Two suspects in the robbery, kidnapping and ensuing gun play during the early morning hours of Dec. 22, 2012, are scheduled to stand trial in Sacramento County Superior Court. The trial’s opening, scheduled for today, was delayed until Aug. 13 to allow more time to round up witnesses, file motions and begin jury selection, said defense attorney Danny D. Brace.  The trial is getting under way as the Legislature meets in the final month of its 2013-14 session.

Charged are Frank Trevizo and Francisco Merjil. A third suspect, Thomas Ordonaz, pleaded no contest on July 25 and awaits sentencing. Trevizo has criminal record that dates back to 1997. In October 2005, he was found guilty of assault with a deadly weapon.

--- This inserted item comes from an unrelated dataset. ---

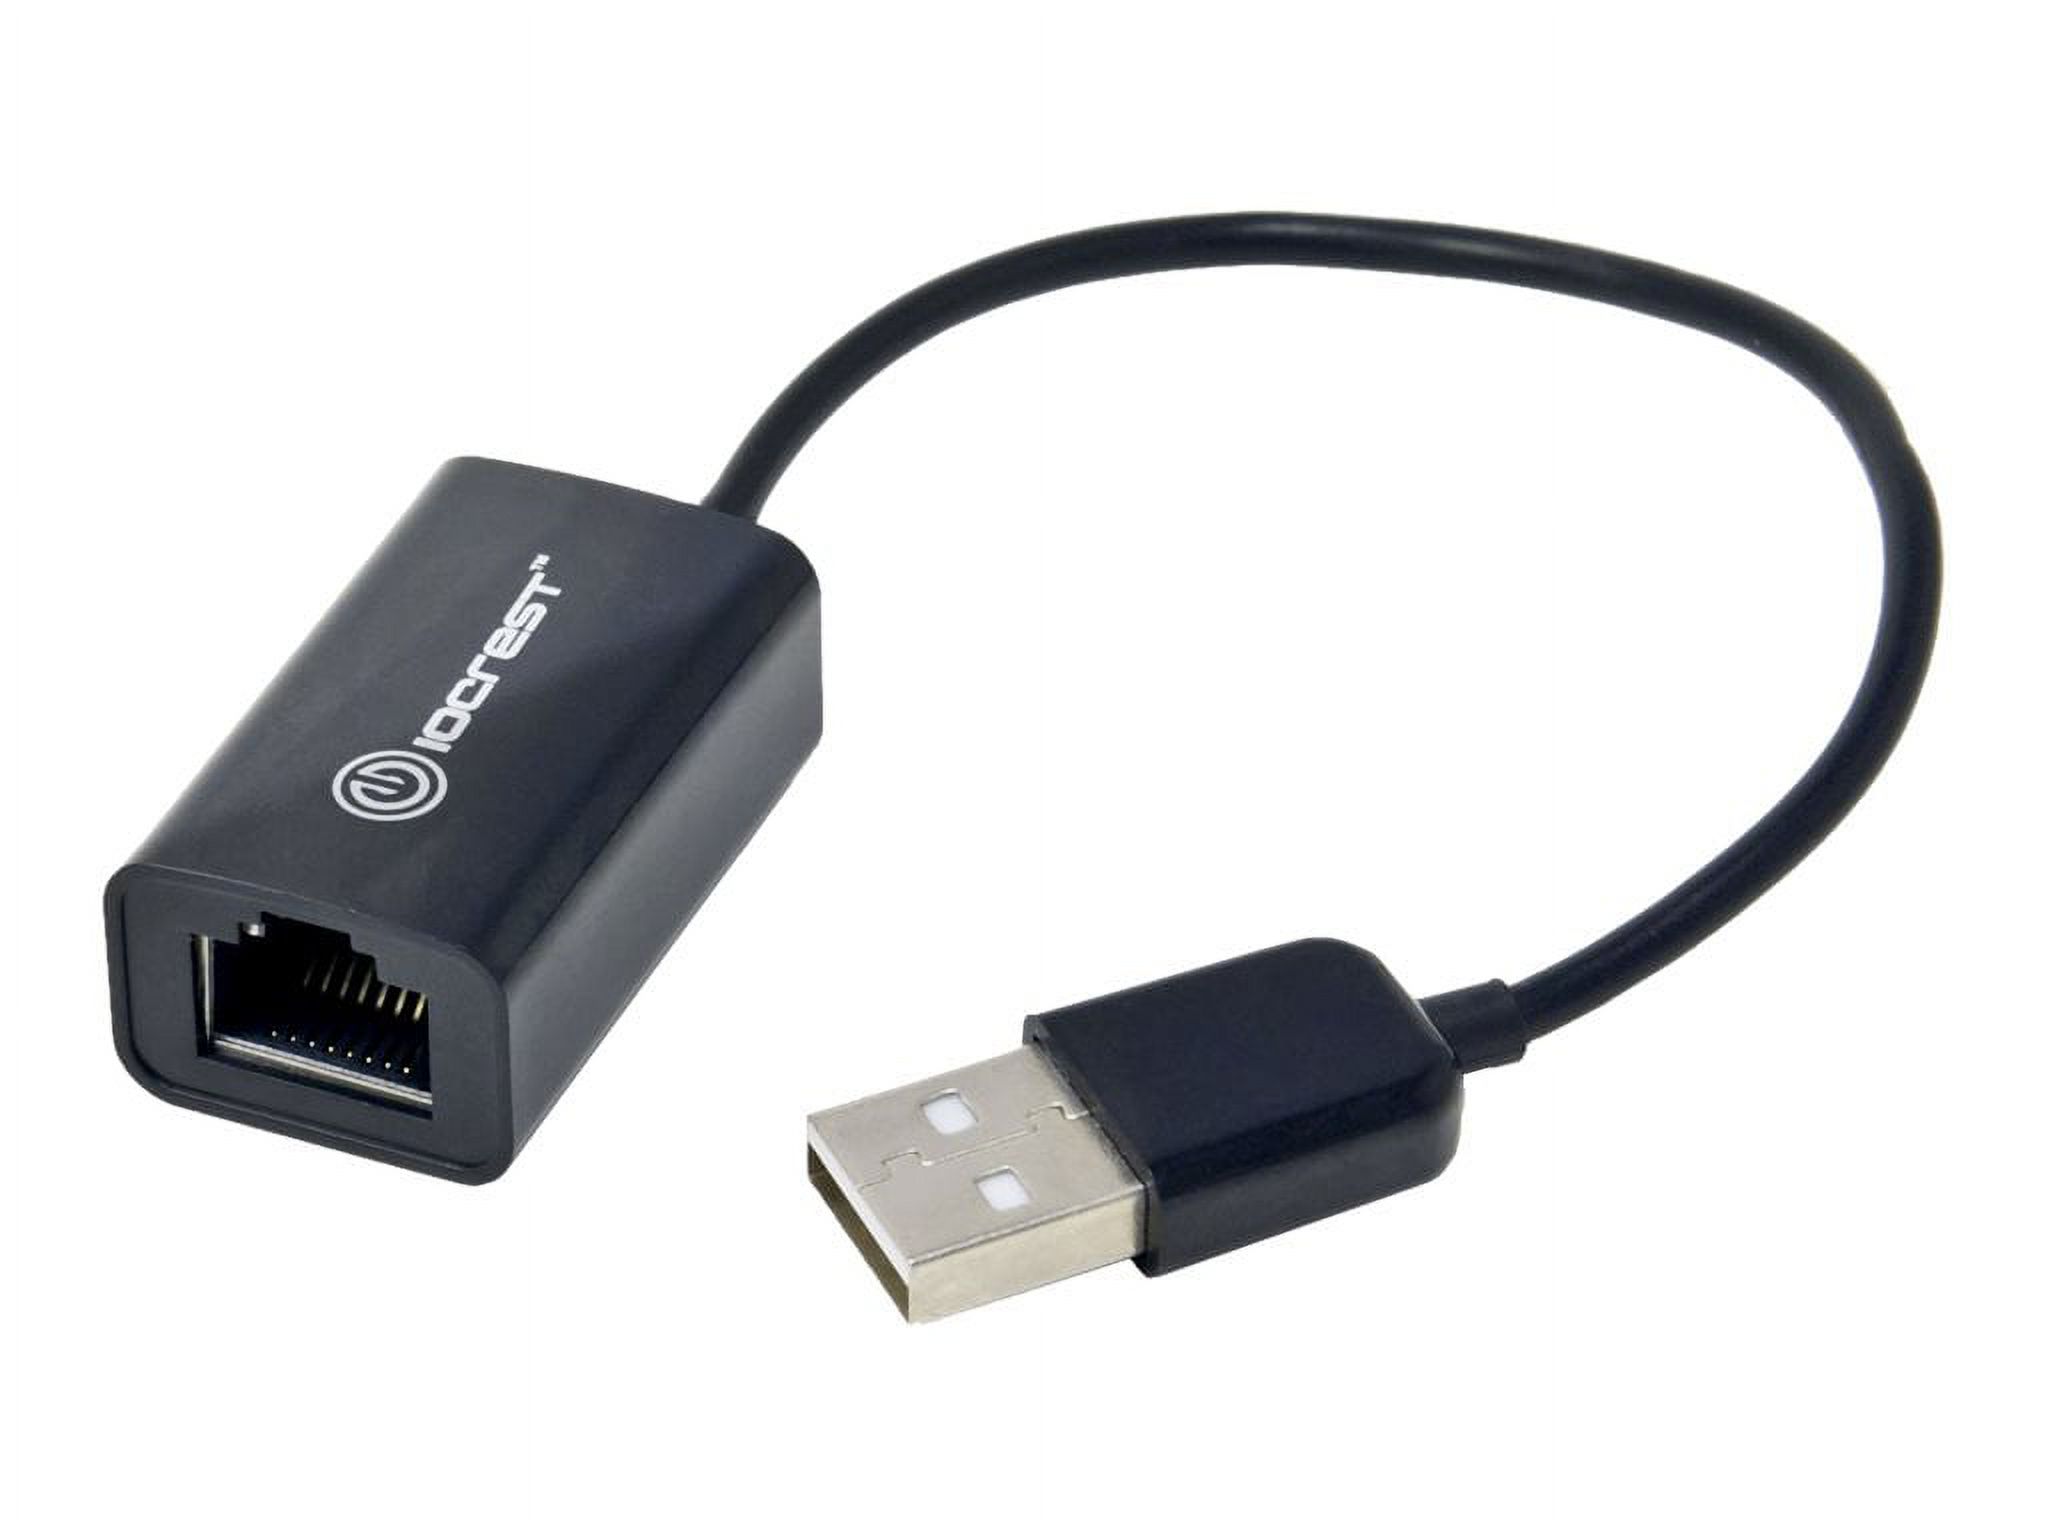 IOCrest USB 2.0 10/100Mbps LAN Ethernet RJ45 Adapter Connector Black - image 1 of 6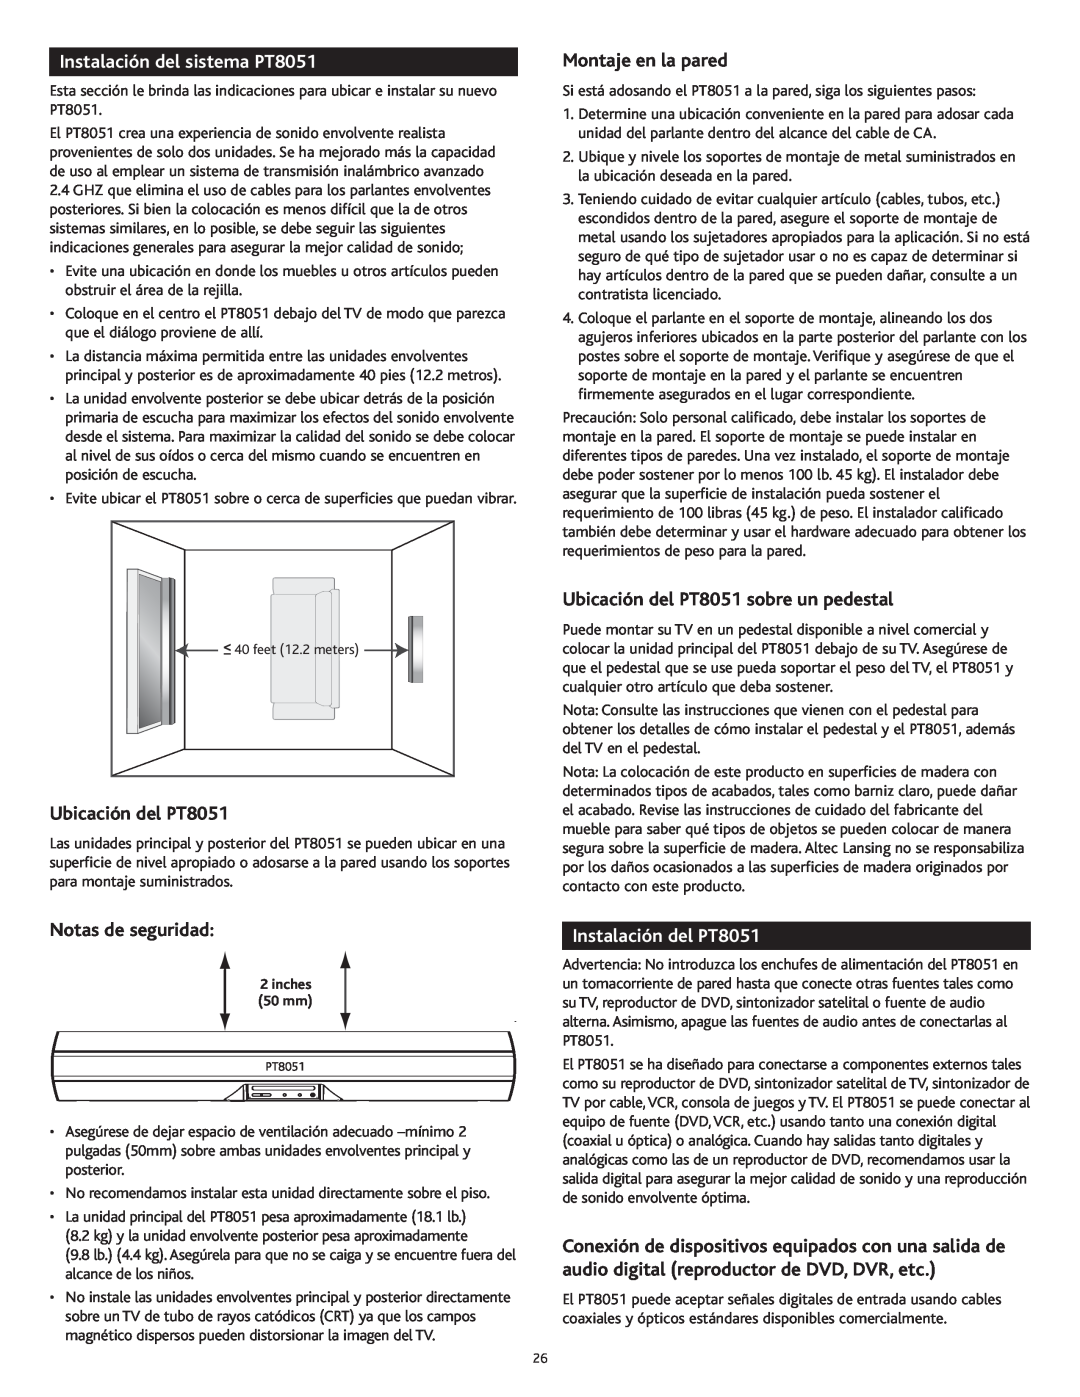 Altec Lansing manual Instalación del sistema PT8051, Ubicación del PT8051, Montaje en la pared, Notas de seguridad

The violence broke out at the house of Gerardo Lopez, a member of the Senate’s staff of sergeants at arms. Merjil’s brother, Joseph, was killed in the exchange of shots in the residential cul de sac about seven miles south of the Capitol. Near his body in the street was a bottle of Crown Royal whisky that the revelers had been drinking not long before, investigators said.

Lopez admitted after the shooting to using marijuana that night and police said he tested positive for cocaine, but police and prosecutors have maintained he was a victim of a home invasion robbery.

Senate President Pro Tem Darrell Steinberg, D-Sacramento, fired Lopez this spring when he learned that he had used drugs. A week later, Tony Beard resigned from his job as chief sergeant at arms, a position he held since 1980, after he admitted that he knew about the test results but did not tell the Senate leader.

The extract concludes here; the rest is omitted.